Expires: May 3, 2012                                            P. Witty
                                                           Cisco Systems
                                                        October 31, 2011


   Real-Time Transport Protocol (RTP) Usage for Telepresence Sessions
                     draft-lennox-clue-rtp-usage-01

Abstract

   This document describes mechanisms and recommended practice for
   transmitting the media streams of telepresence sessions using the
   Real-Time Transport Protocol (RTP).

Status of this Memo

   This Internet-Draft is submitted in full conformance with the
   provisions of BCP 78 and BCP 79.

   Internet-Drafts are working documents of the Internet Engineering
   Task Force (IETF).  Note that other groups may also distribute
   working documents as Internet-Drafts.  The list of current Internet-
   Drafts is at http://datatracker.ietf.org/drafts/current/.

   Internet-Drafts are draft documents valid for a maximum of six months
   and may be updated, replaced, or obsoleted by other documents at any
   time.  It is inappropriate to use Internet-Drafts as reference
   material or to cite them other than as "work in progress."

   This Internet-Draft will expire on May 3, 2012.

Copyright Notice

   Copyright (c) 2011 IETF Trust and the persons identified as the
   document authors.  All rights reserved.

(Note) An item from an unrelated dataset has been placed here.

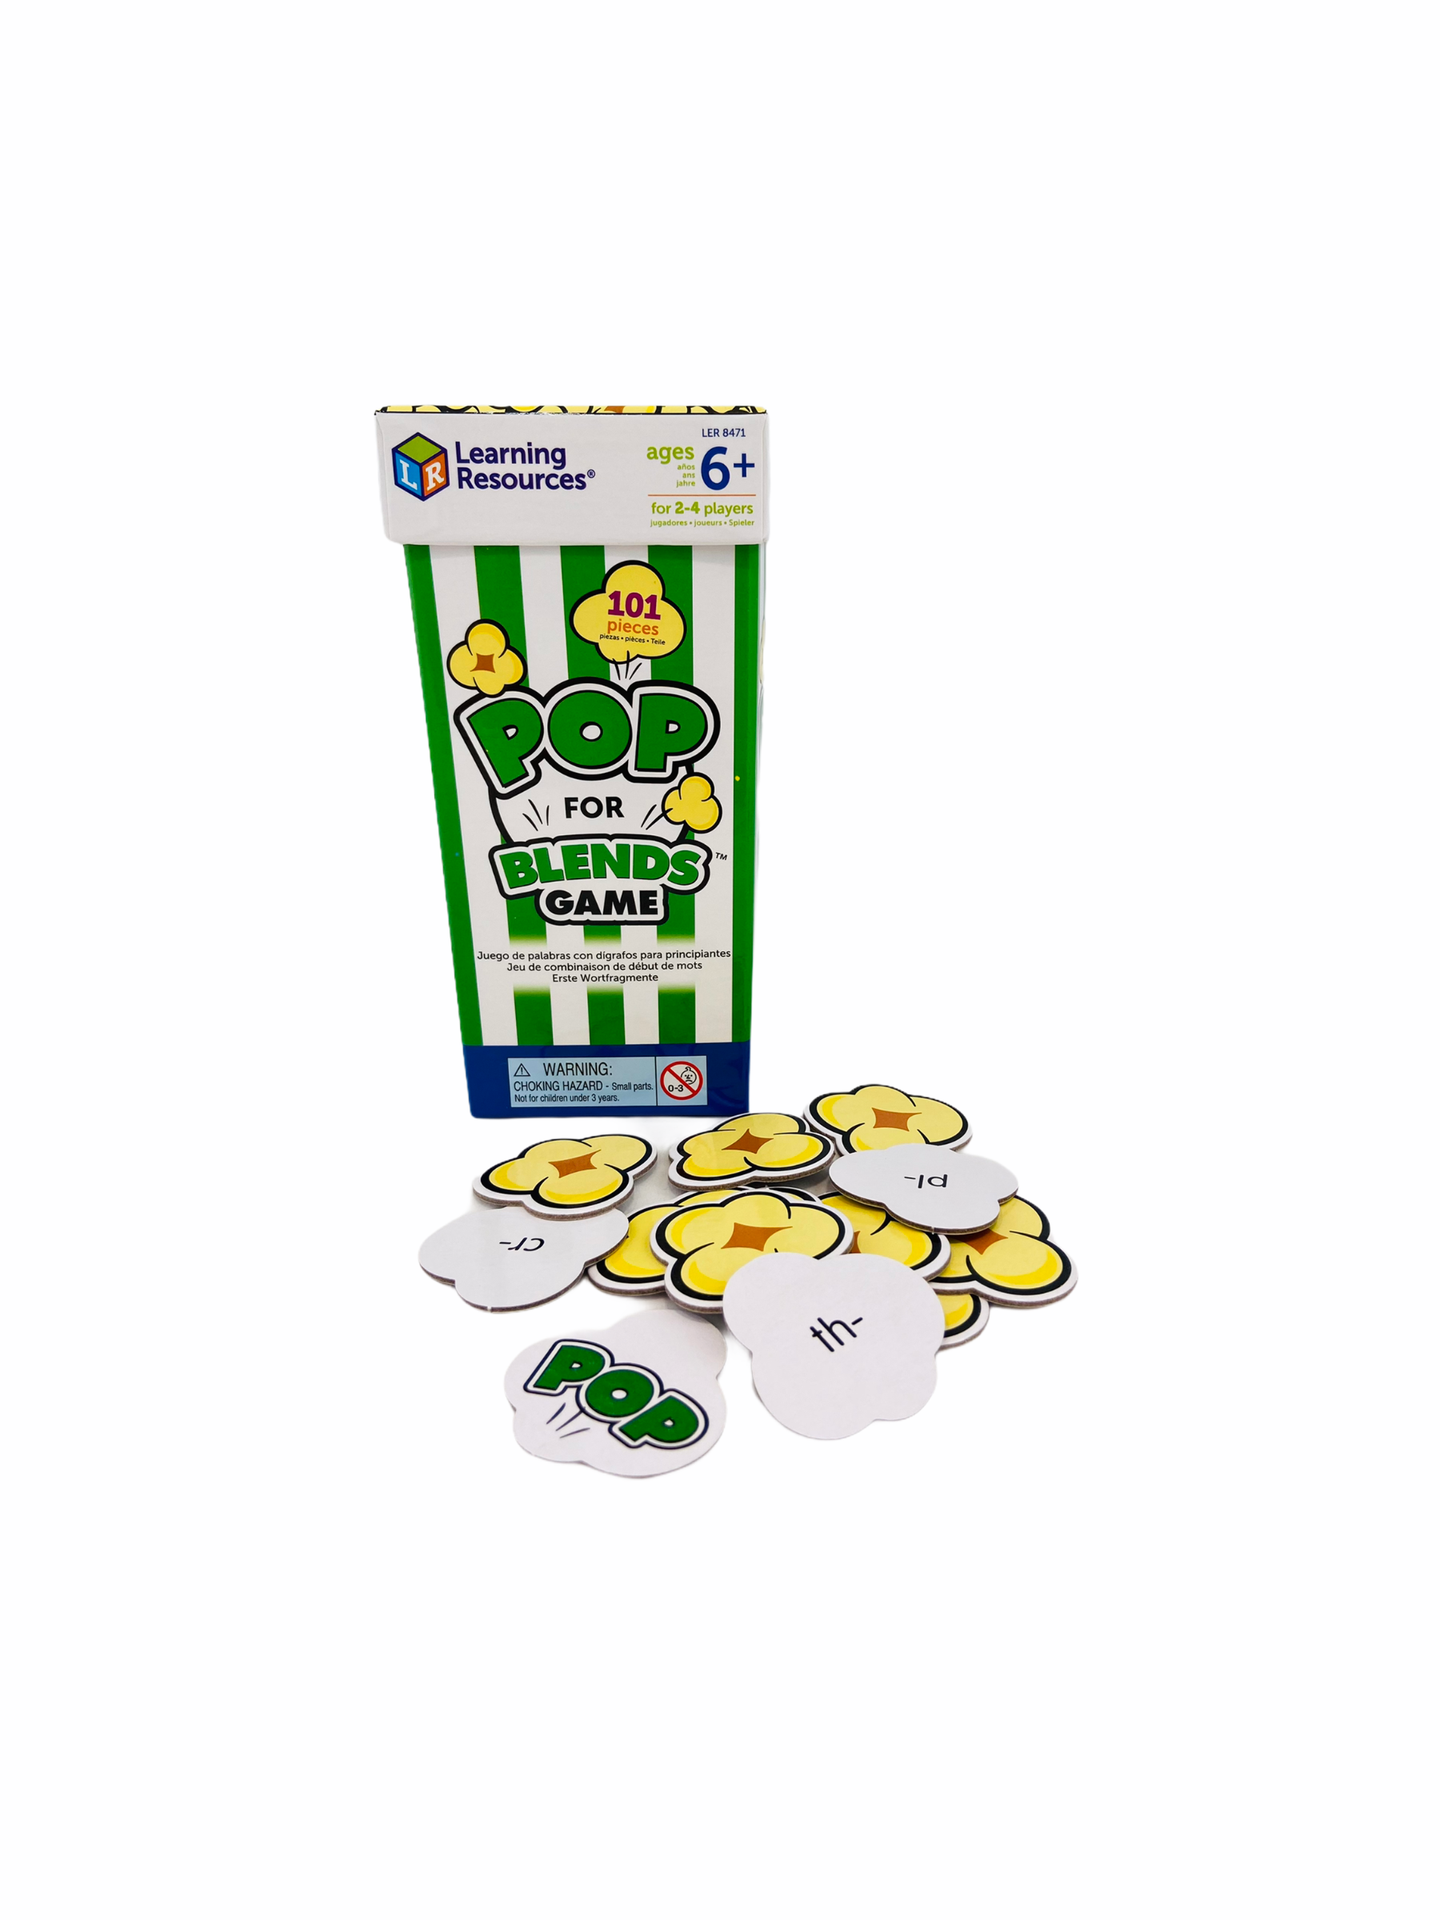 Learning Resources Pop for Blends Game on display with popcorn cards in front of green and white packaging box
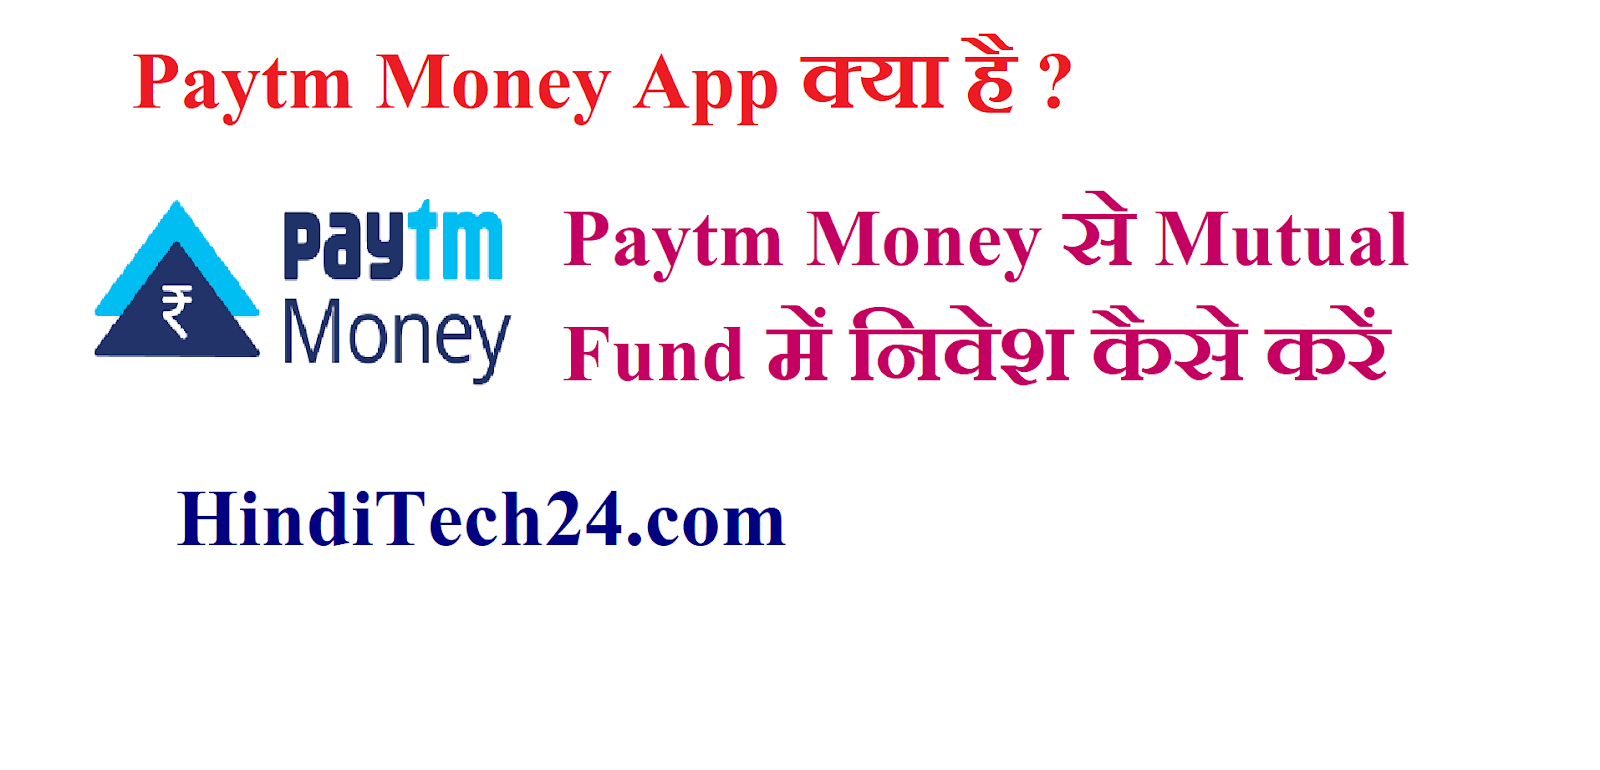 What is Paytm Money App in hindi.

   This document is subject to BCP 78 and the IETF Trust's Legal
   Provisions Relating to IETF Documents
   (http://trustee.ietf.org/license-info) in effect on the date of
   publication of this document.  Please review these documents
   carefully, as they describe your rights and restrictions with respect
   to this document.  Code Components extracted from this document must
   include Simplified BSD License text as described in Section 4.e of
   the Trust Legal Provisions and are provided without warranty as
   described in the Simplified BSD License.



Lennox, et al.             Expires May 3, 2012                  [Page 1]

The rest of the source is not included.